Back some years ago when I lived in Pennsylvania, my ex-wife and I asked an artist friend to create a piece reminiscent of a Midwestern evening. He returned with a simple painting: an empty corn crib silhouetted against an autumn sunset.

It seems the thing we missed most, living in the quiet green shadow of Mount Nittany, was the way twilight lingers over the flatlands. Everything is just a matter of perspective.

Yeah, yeah—not much of a revelation there.

But many of us forget a couple of important things. First, the life of a community is made up of perspectives—issues understood from many sides, with few concrete rights or wrongs.

Granted, there are a few moral absolutes. Murder, fraud, the music of Mariah Carey, the films of Jim Carrey, the New York Mets and Oprah--all wrong.

Secondly, not all perspectives count the same.

From an expert’s point of view, the work of art created by our buddy hardly bears up to scrutiny. His brush expressed nothing more than an old crib with a day waning behind it. There’s no allegorical depth, no real meaning—except to those who longed for a reminder of their own past.

From a resale perspective, the experts would be right.

If I wished to fight about it, though, I might dig in my heels and spout some ready lines about American primitivism, some spurious ties to Grant Wood’s American Gothic or whatever—I’ve been involved in enough pointless debates to wing it for awhile.

Writing about the art of war, Sun Tzu admonished military leaders to know themselves as well as their opponents. He believed success was, in part, a matter of brutal honesty. Too often, though, we hear from those who refuse to budge from a personal or partisan perspective.
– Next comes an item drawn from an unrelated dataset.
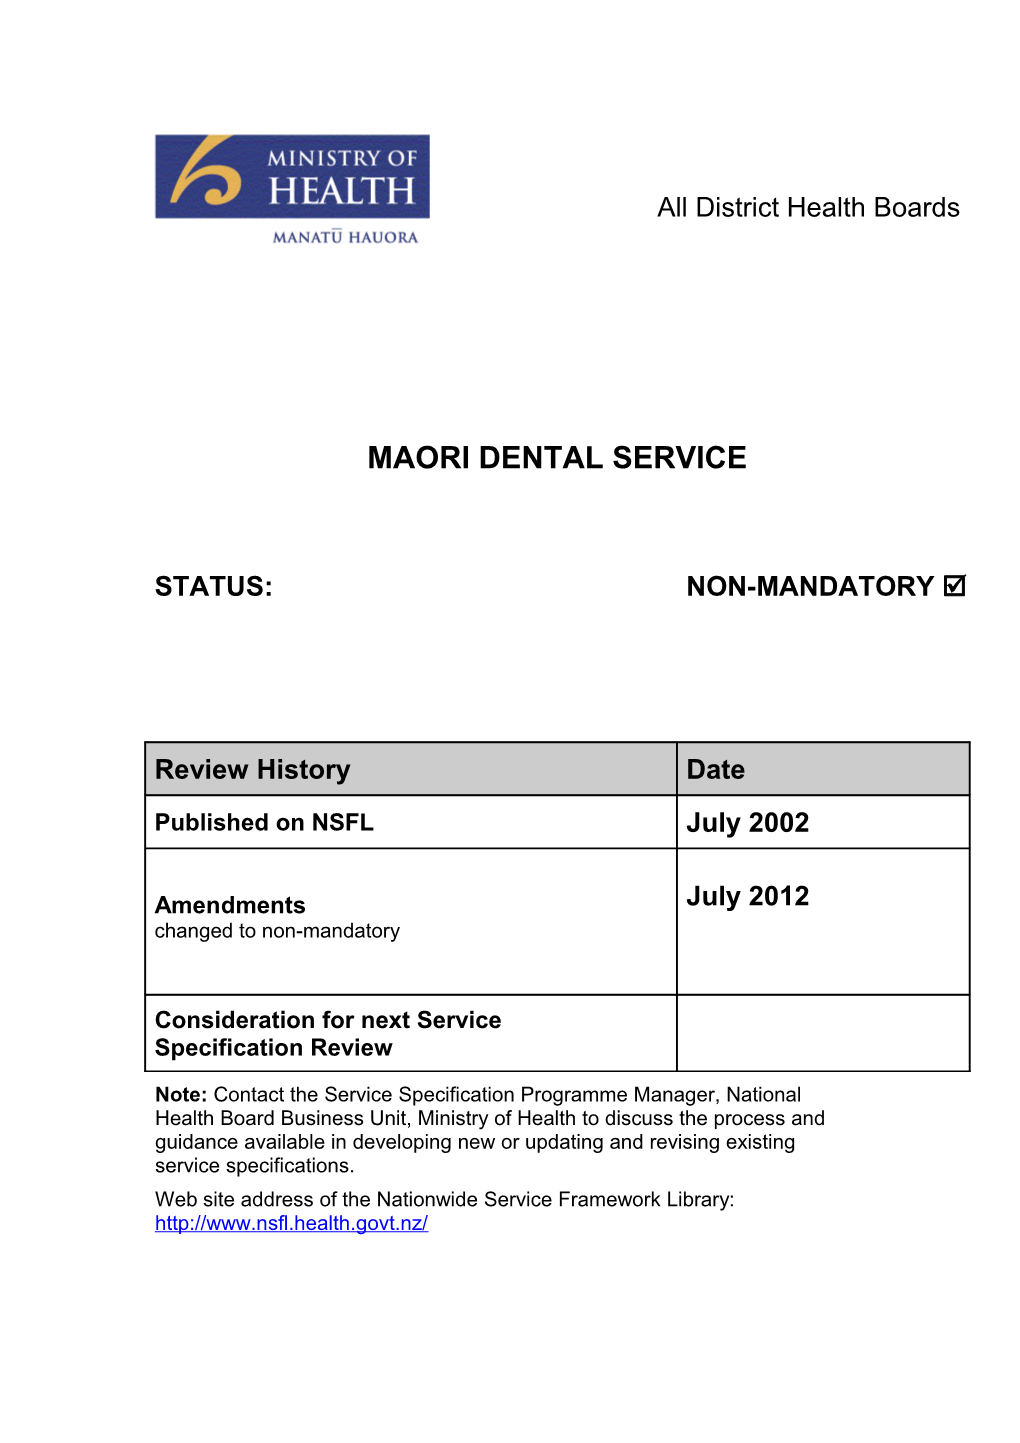 Maori Dental Service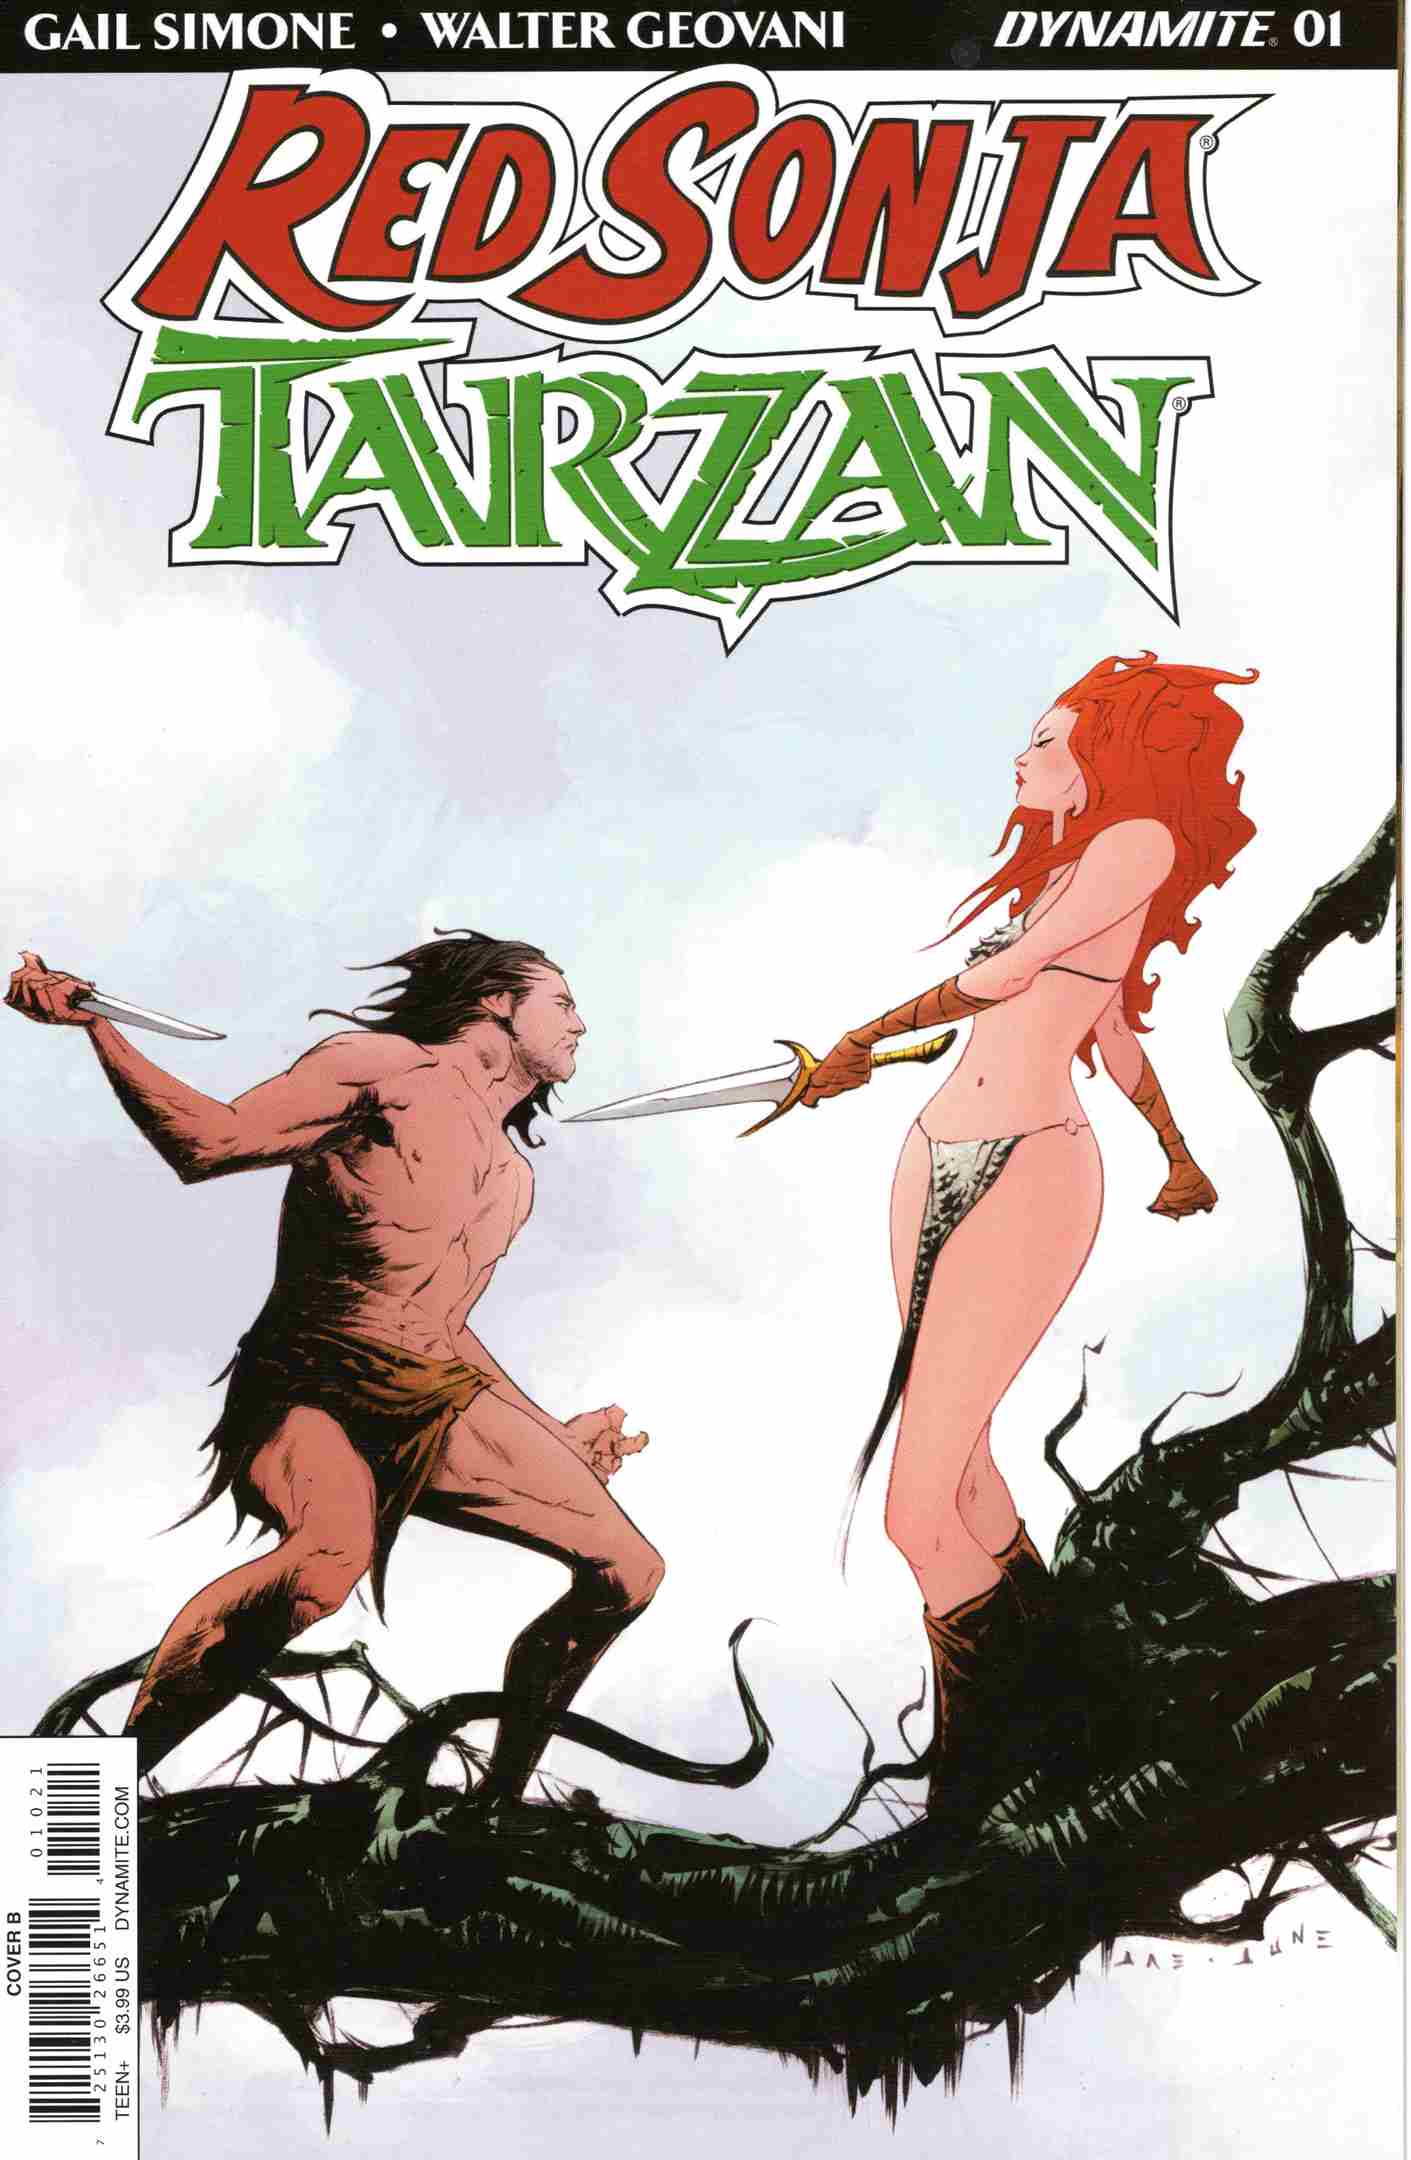 RED SONJA TARZAN B COVERS (#1- #6) -SET-

Politicians with little real expertise in some complex issue will dismiss options that differ from their own desires.

As Groucho Marx’s character Rufus Firefly said, “whatever it is, I’m against it.”

So if honesty with oneself is a guide, I must confess that Carrey isn’t such a bad actor. In fact, he carried Man on the Moon. The 1969 Mets inspired a nation. And Oprah...no, I can’t do it.

The point is, by clinging hard and fast to ill-informed positions, some people willingly mislead themselves and others.

Why are the County Commissioners opposed to a drag strip? Certainly it’s not because of unclear language on the petition—that’s just a legal matter. Perhaps they’re digging in their heels, perhaps they have sound fiscal reasons. But if the commissioners (and those in favor of the track, for that matter) aren’t honest with themselves about the source of their opposition, it’s bound to be a poor decision.

Granted, a strip of asphalt is not enough to fill Kimball’s storefronts. But a community hears, appreciates and tries to understand its citizens and all of their opinions. An honest community puts its faith in informed perspectives, above the stubborn.

Then again, it’s always possible to wing it.